▸ **TASK STATEMENT**: Leave out the pictures and retype exactly the lines from the line with "Svadobné šaty - Imagine 2039 - Obrázok č. 1" through the end of the listing below.

EXERCISE MATERIALS START

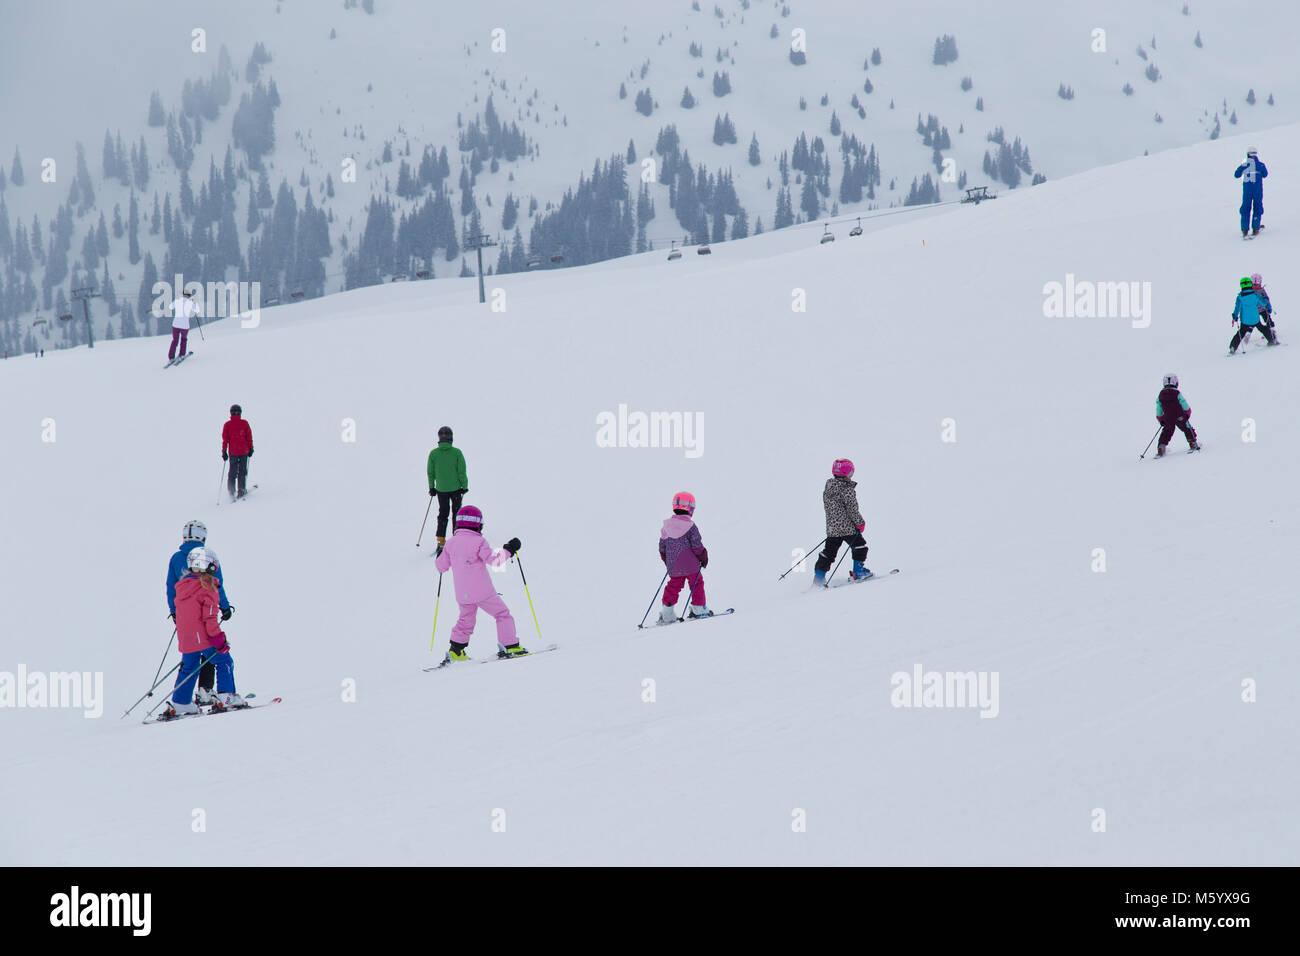 Ski school in Flims Switzerland - Stock Image
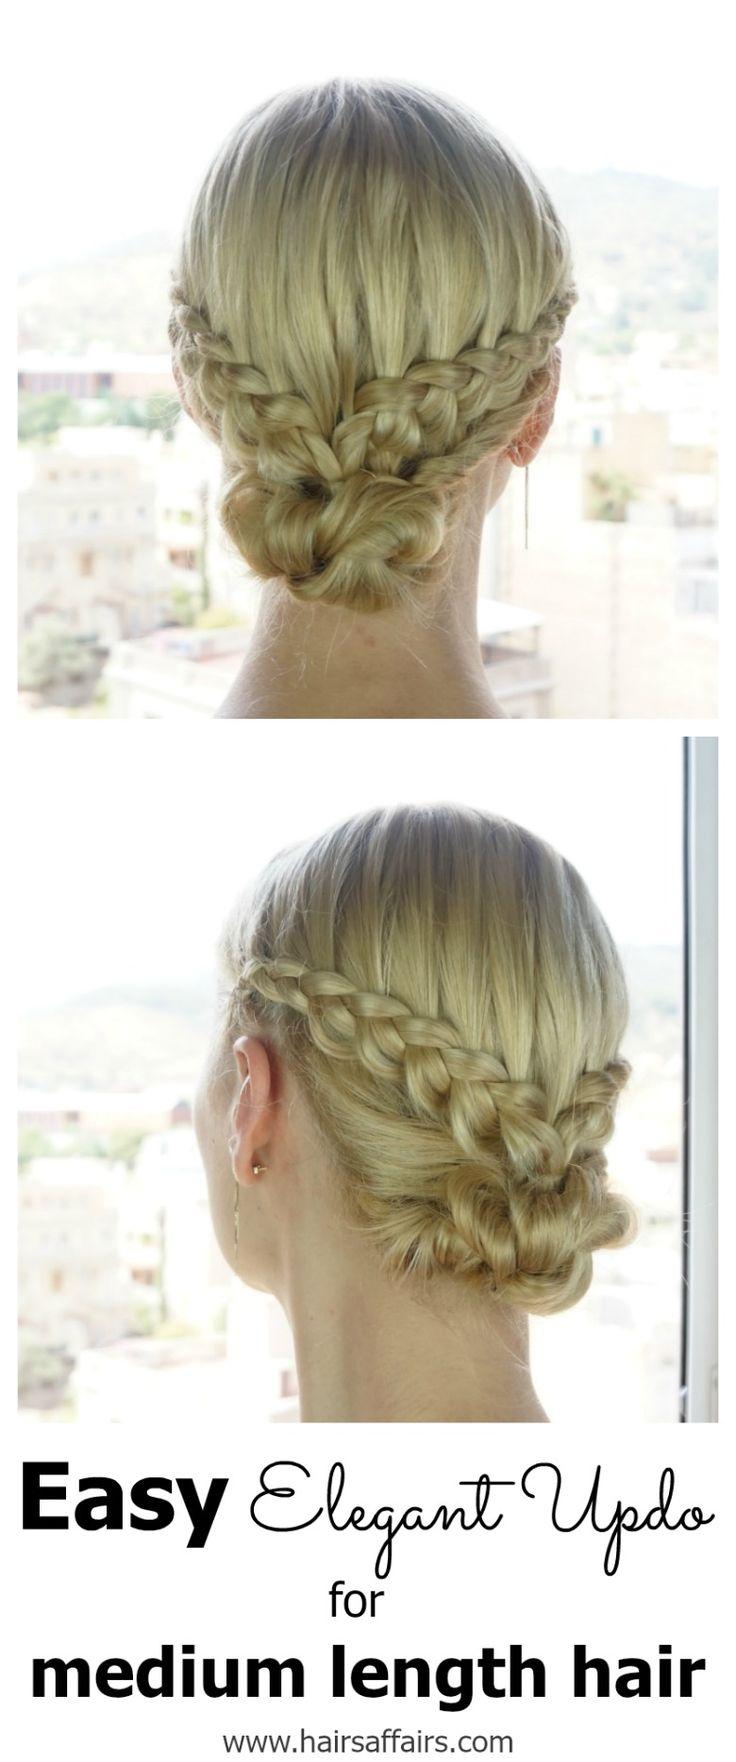 EASY DIY BRAIDED BUN – HAIR TUTORIAL https://hairsaffairs.com/easy-diy-braided-bun-hair-tutorial/
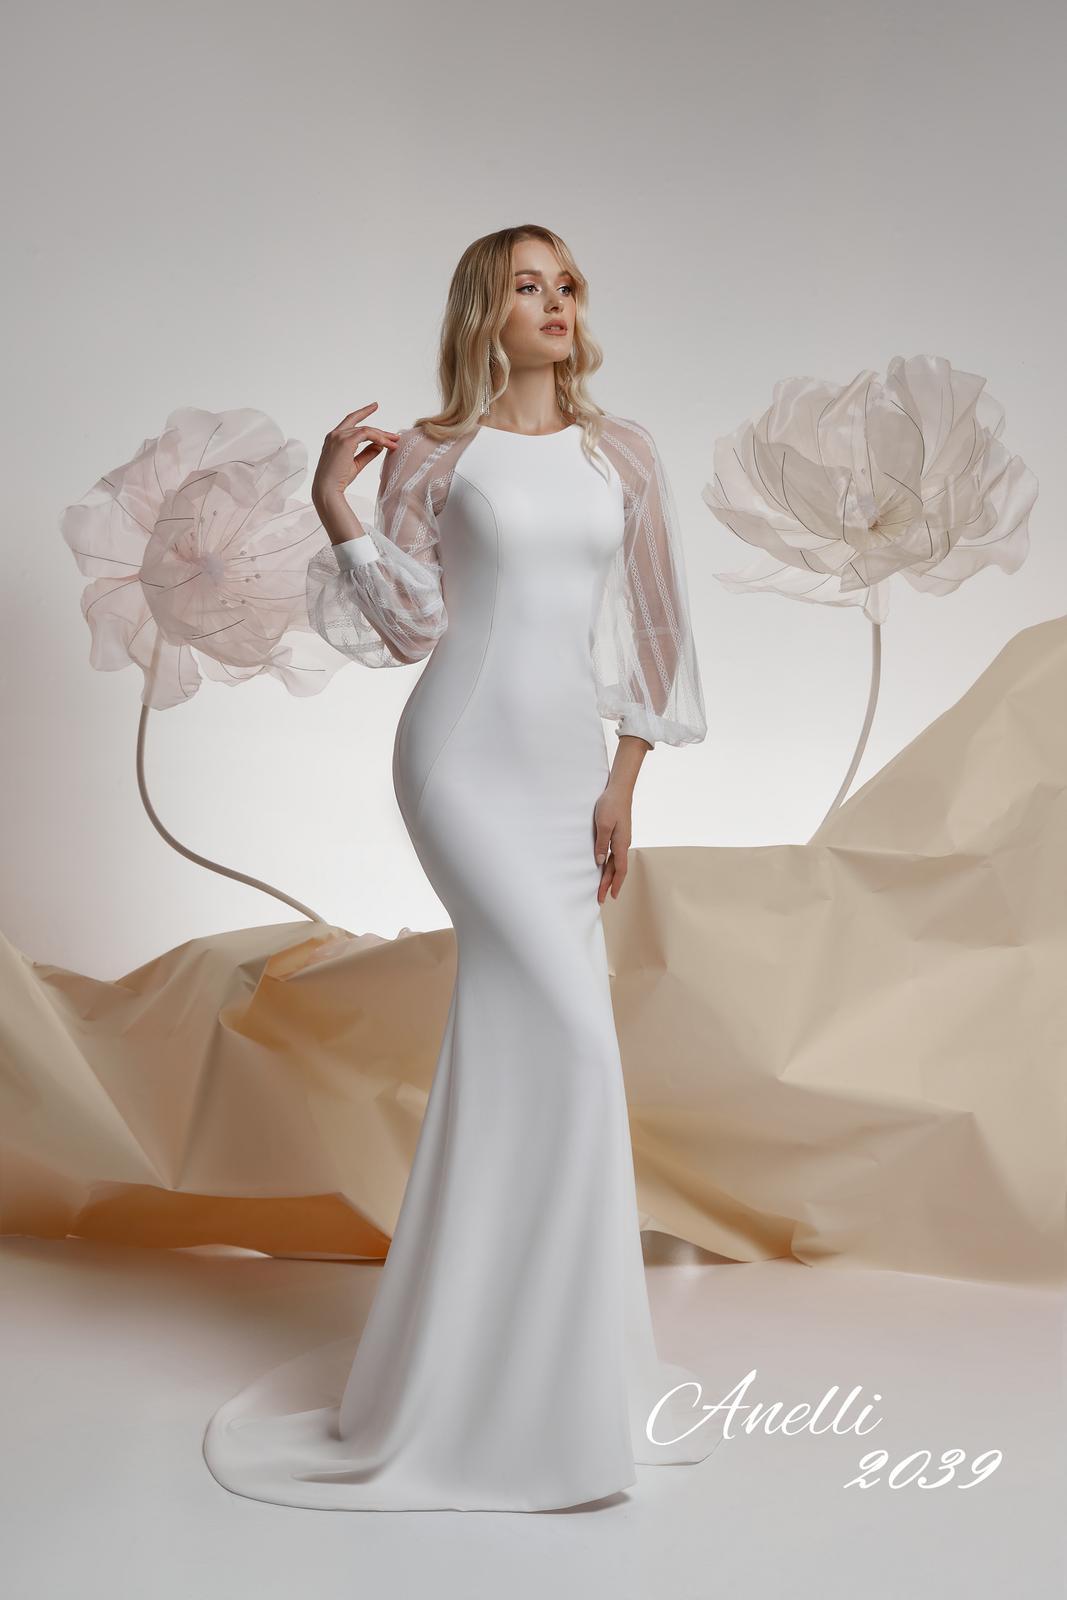 Svadobné šaty - Imagine 2039 - Obrázok č. 1
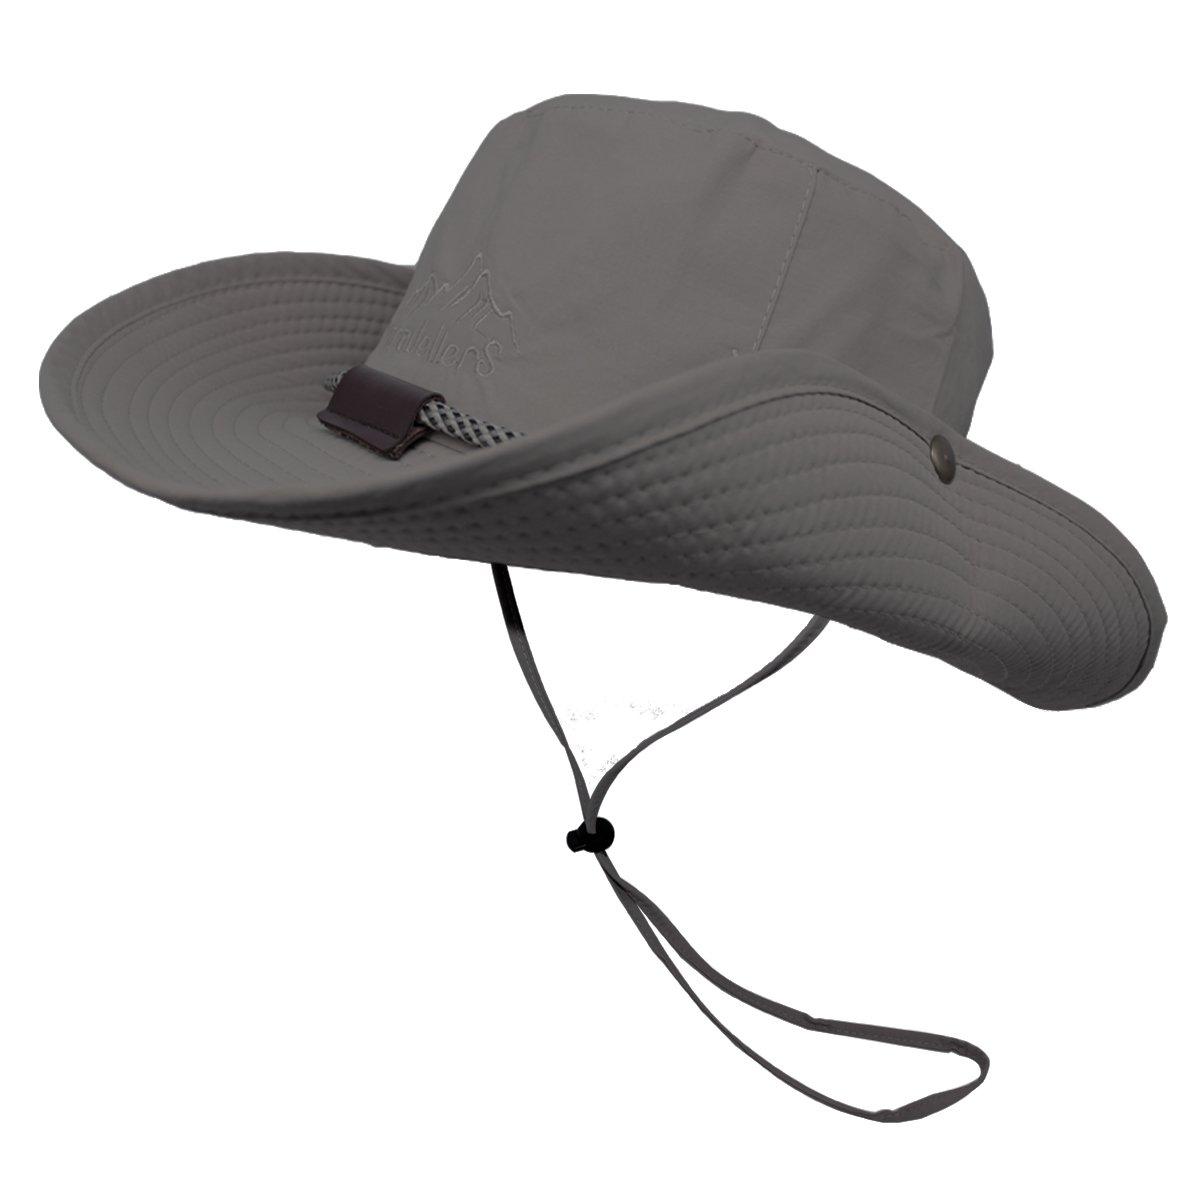 f10d7564689 OMECHY Waterproof Outdoor Bucket Hat Summer UV Protection Sun Cap Boonie  Fishing Camouflage Hat
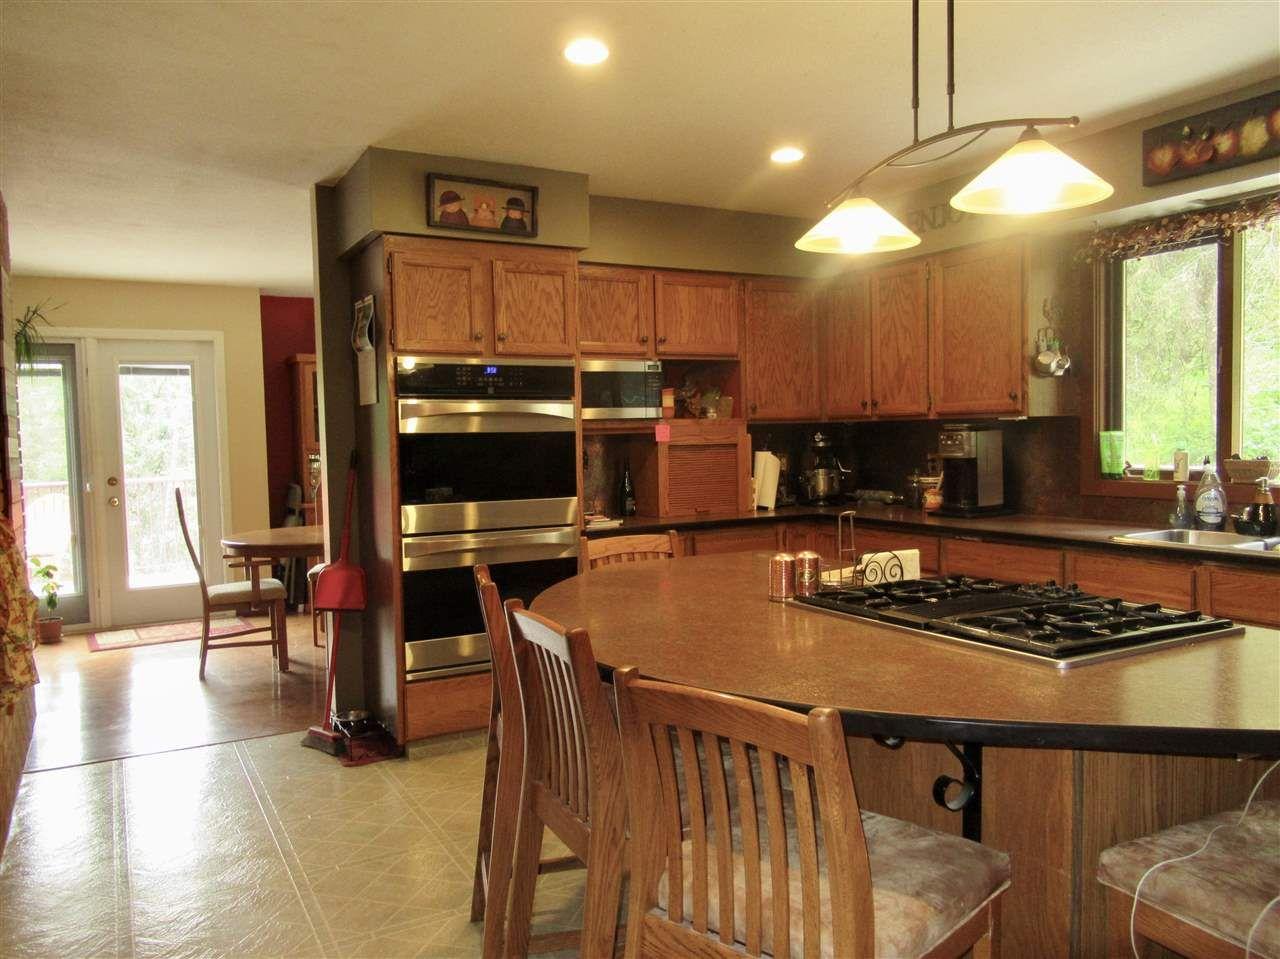 Photo 4: Photos: 911 CENTAUR Drive in Williams Lake: Esler/Dog Creek House for sale (Williams Lake (Zone 27))  : MLS®# R2378444

EXERCISE MATERIALS END

▸ **OUTPUT OF THE EXERCISE**:
 Svadobné šaty - Imagine 2039 - Obrázok č. 1
 f10d7564689 OMECHY Waterproof Outdoor Bucket Hat Summer UV Protection Sun Cap Boonie  Fishing Camouflage Hat
 Photo 4: Photos: 911 CENTAUR Drive in Williams Lake: Esler/Dog Creek House for sale (Williams Lake (Zone 27))  : MLS®# R2378444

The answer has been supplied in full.